Philip Raymond Burnham – Lieutenant Colonel, United States Marine Corps

From a contemporary press report:

Philip Raymond Burnham, 73, a retired Marine Corps lieutenant colonel and decorated Korean War aviator who also worked as a civilian for defense contractors, died of complications from pneumonia October 5, 1999 at Walter Reed Army Medical Center.

As a civilian, he was vice president and publisher of the Armed Forces Journal in Washington from 1970 to 1973. He was a senior program manager for defense contractor Flight Systems Inc. in Rosslyn from 1973 to 1984 and director of special projects for Raven Inc. in Arlington from 1984 to 1987.

Colonel Burnham spent most of his military career in fighter transport and helicopter squadrons. He served with the Marine Corps for 24 years before retiring in 1967 as commanding officer of the Air Reserve Branch of the Air Reserve Training Command at Marine Headquarters.

In the Korean War, he piloted a bent-wing Corsair with the Black Sheep Squadron 214, and he received a Distinguished Flying Cross for continuing with a bombing mission with a damaged plane.

An Alexandria resident, he was born and raised in Chicago. He graduated from the Illinois Institute of Technology and received a master's degree in business administration from George Washington University.

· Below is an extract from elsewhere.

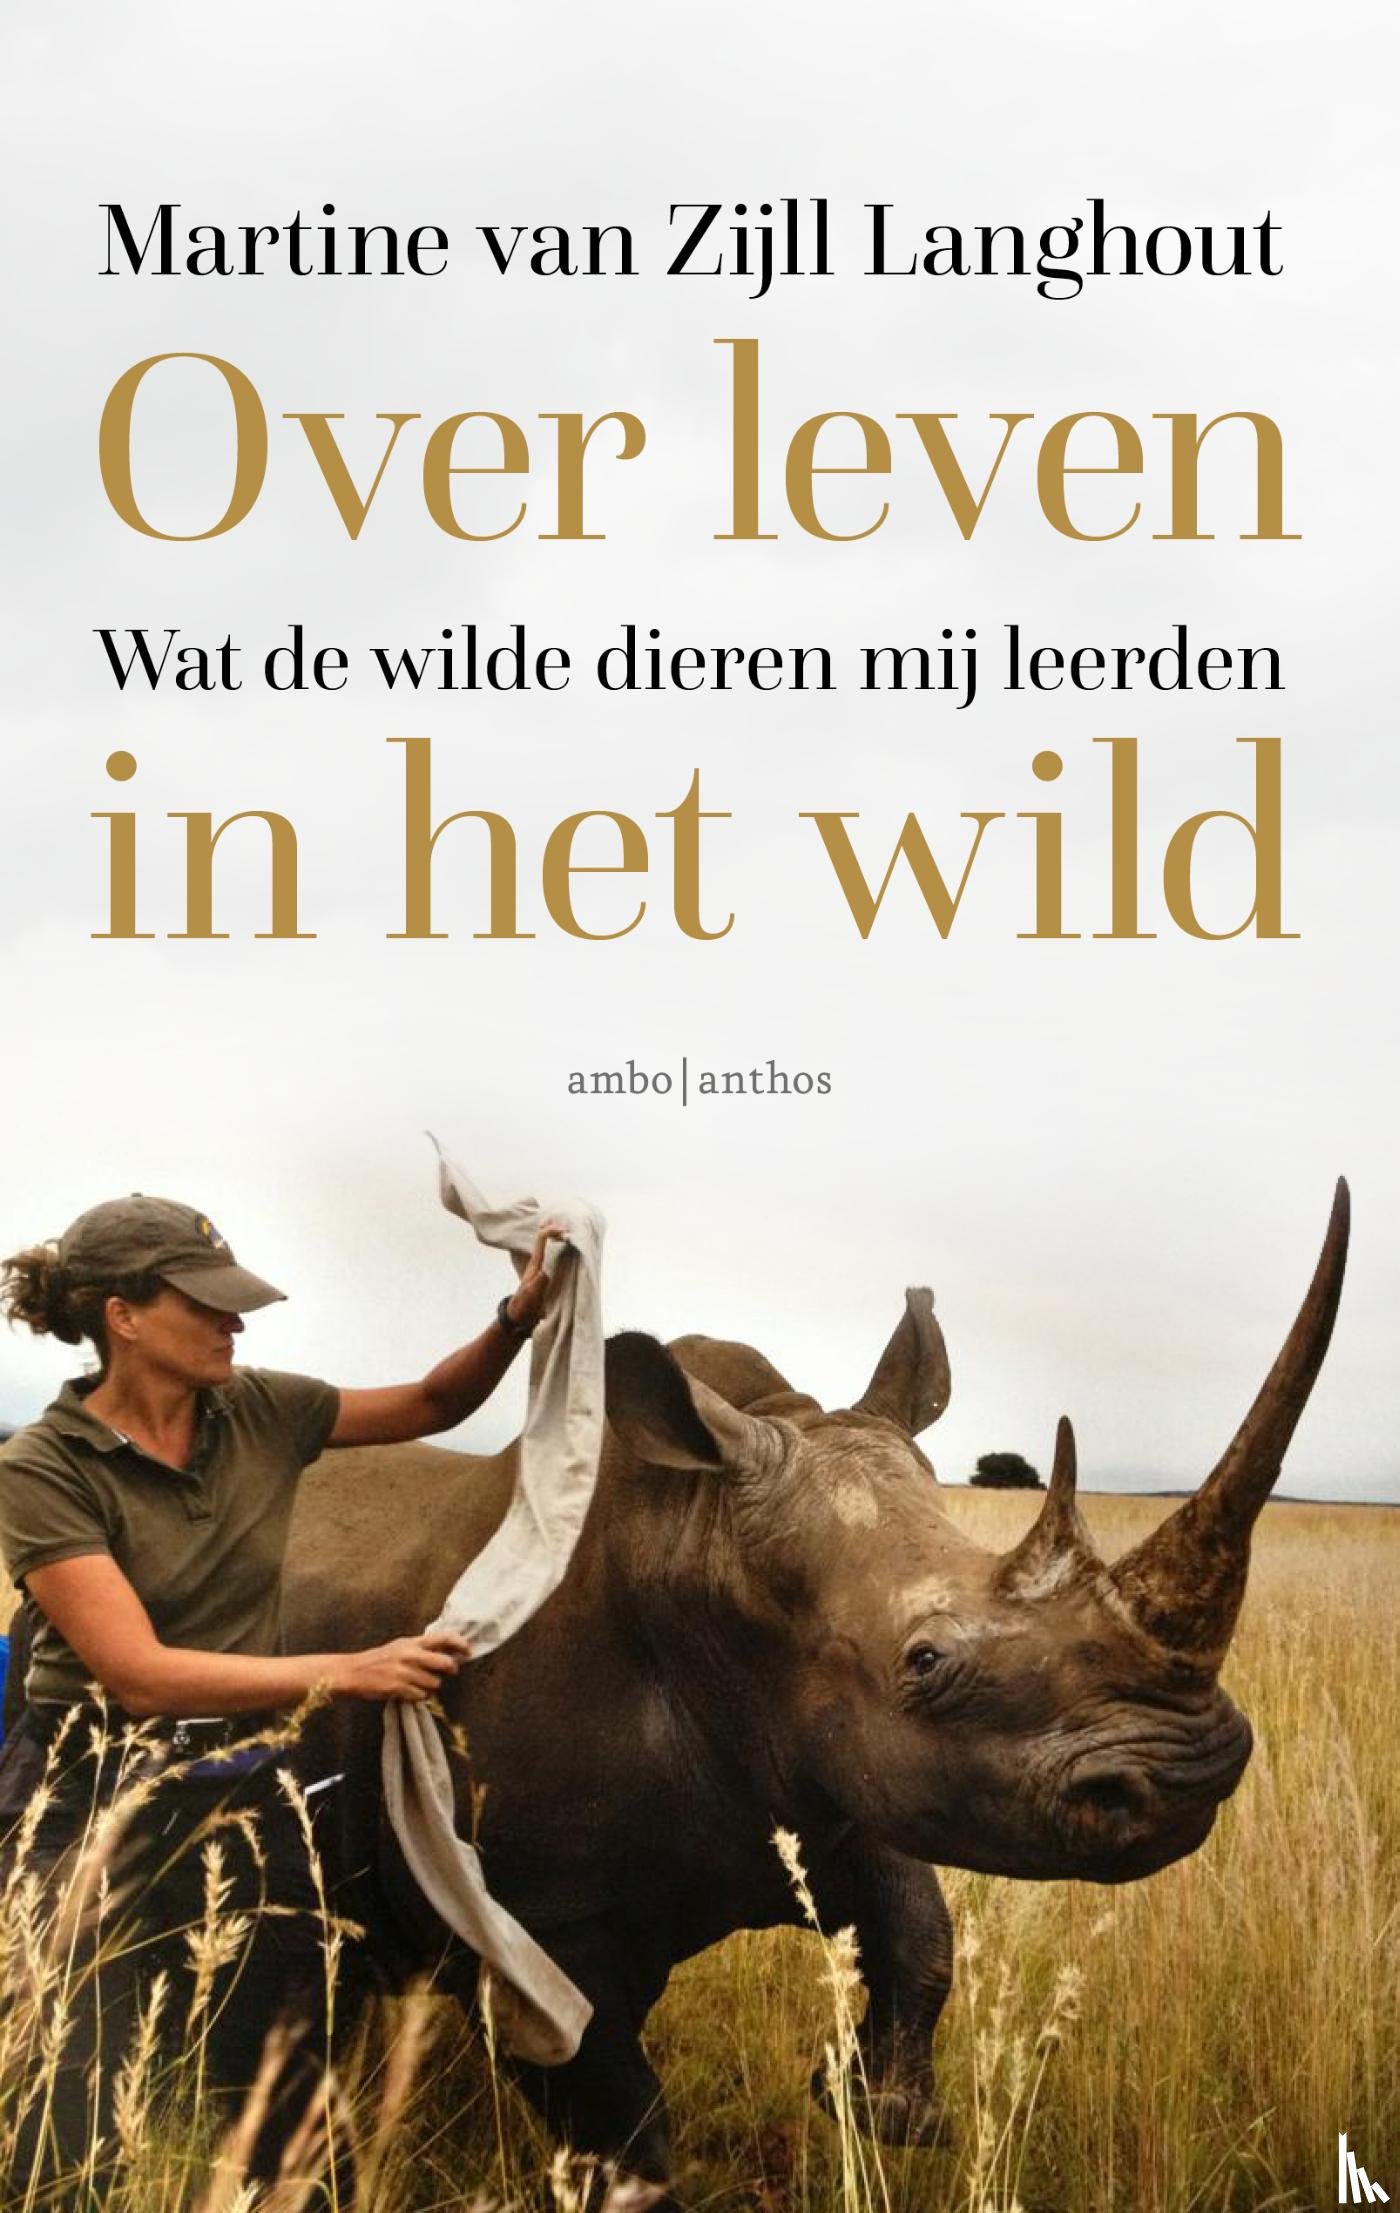 Zijll Langhout, Martine van - Over leven in het wild

He was active in Republican Party politics in the 1970s and '80s, once serving as chairman of the Mount Vernon District of the Fairfax County Republican Committee. He also did volunteer work with the Retired Officers Association and mentored high school students.

Survivors include his wife, Beverley S. Burnham of Alexandria; two children, John P. Burnham of Miami Beach and Kerrie Ann O'Hagan of Alexandria; a brother; and a sister.


On October 5, 1999, of Alexandria, VA. Survived by his beloved wife, Beverley; his daughter, Kerrie O'Hagan of Alexandria, VA and his son, John Philip Burnham of Miami Beach, FL. A Memorial Mass will be held on Thursday, October 14, 1999 at the Fort Myer Old Post Chapel at 8:45 a.m., followed by Interment at the Arlington National Cemetery with Full Military Honors.